- Authors
- Name
- 1. What is etcd?
- 2. Preparation: Checking etcd Information
- 3. Checking etcd Health
- 4. etcd Backup (Snapshot)
- 5. etcd Restore
- 6. Troubleshooting
- 7. CKA Exam Cheat Sheet
- 8. External etcd Cluster Scenario
- 9. Key Summary
- References
1. What is etcd?
etcd is a distributed Key-Value store that holds all state data for a Kubernetes cluster.

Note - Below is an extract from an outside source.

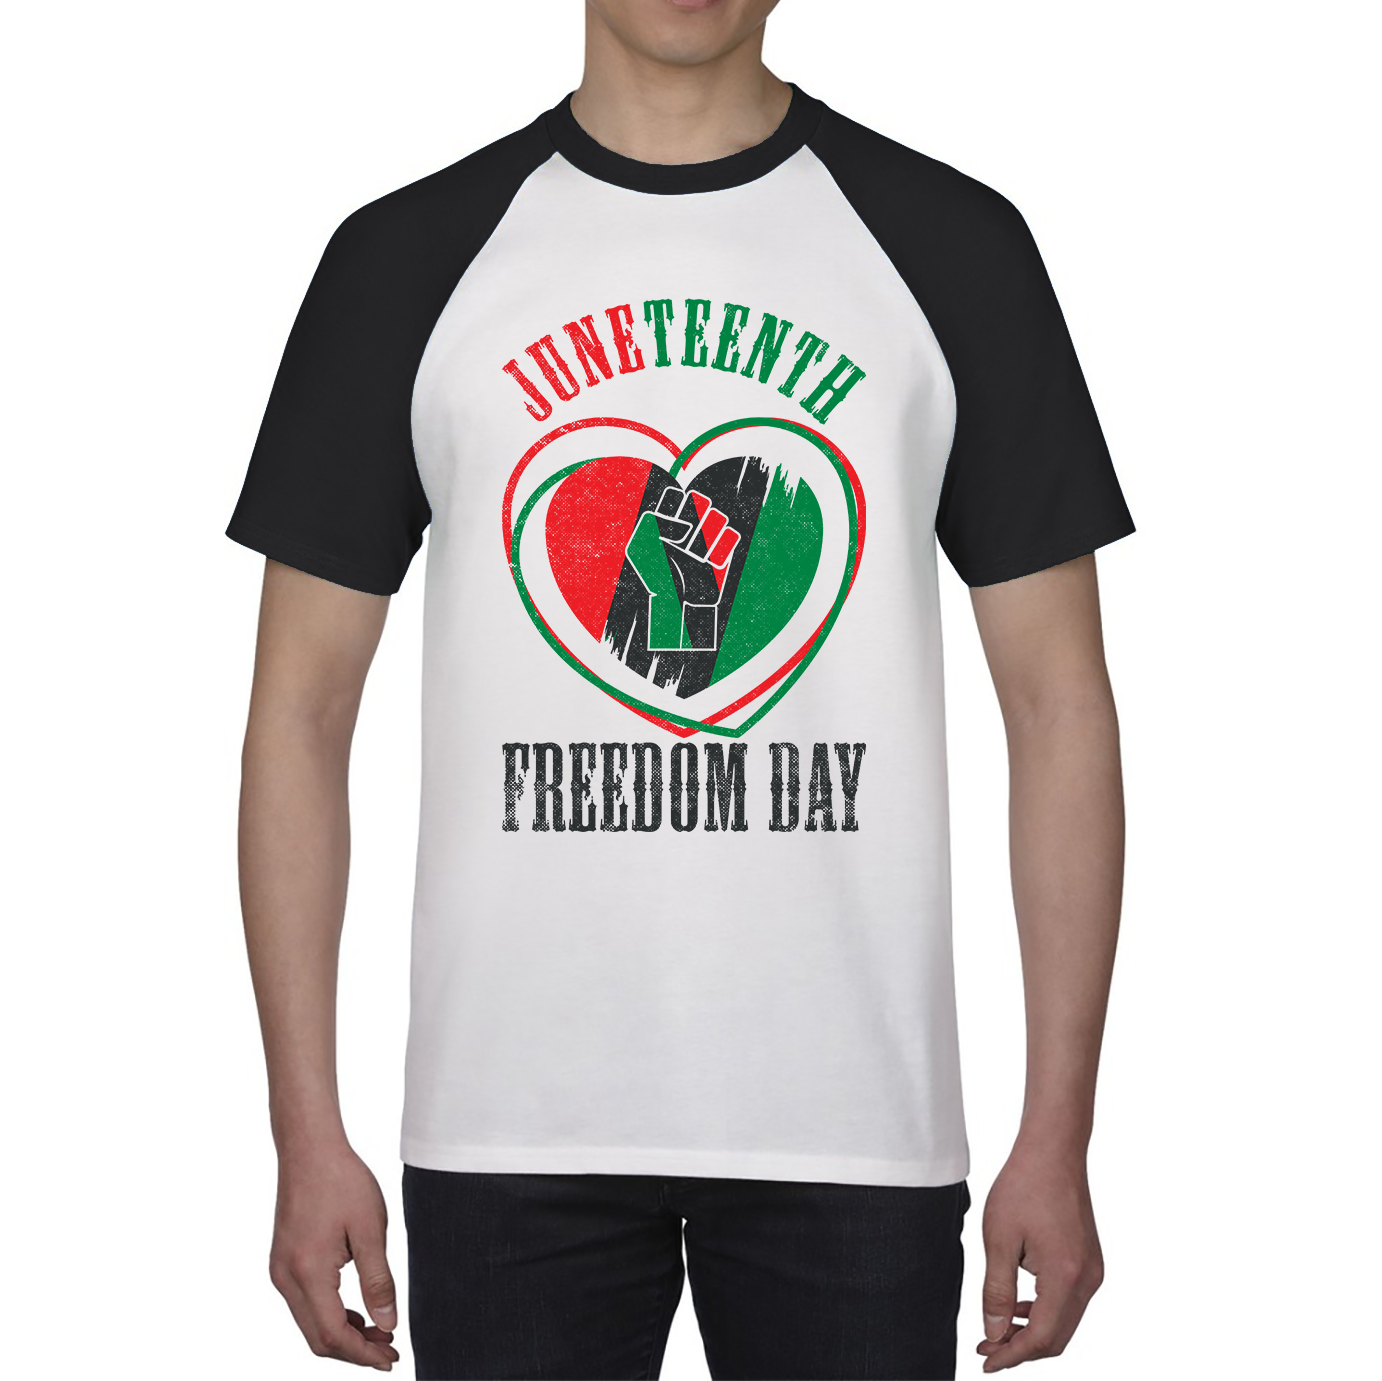 Juneteenth Black Day Freedom King William III British Royal Black History Freedom Baseball T Shirt

Information about every resource in the cluster — Pods, Services, ConfigMaps, Secrets, RBAC policies, and more — is stored in etcd.
Put simply, everything you see with a kubectl get command ultimately comes from data stored in etcd.
┌─────────────────────────────────────────────┐
│ Kubernetes Control Plane │
│ │
│ kube-apiserver ──── etcd (all state stored) │
│ │ │
│ kube-scheduler kube-controller-manager │
└─────────────────────────────────────────────┘
Why is etcd Backup Important?
- If etcd is lost, the entire cluster is gone (Pods, Services, Secrets — everything)
- It is the only recovery method when a cluster is broken by a botched upgrade or misconfiguration
- It is a near-guaranteed topic on the CKA exam
2. Preparation: Checking etcd Information
2.1 Check the etcd Pod
On clusters installed with kubeadm, etcd runs as a Static Pod:
# Check etcd Pod
kubectl get pods -n kube-system | grep etcd
# Example output
# etcd-controlplane 1/1 Running 0 45m
2.2 Locate etcd Certificates (Most Important!)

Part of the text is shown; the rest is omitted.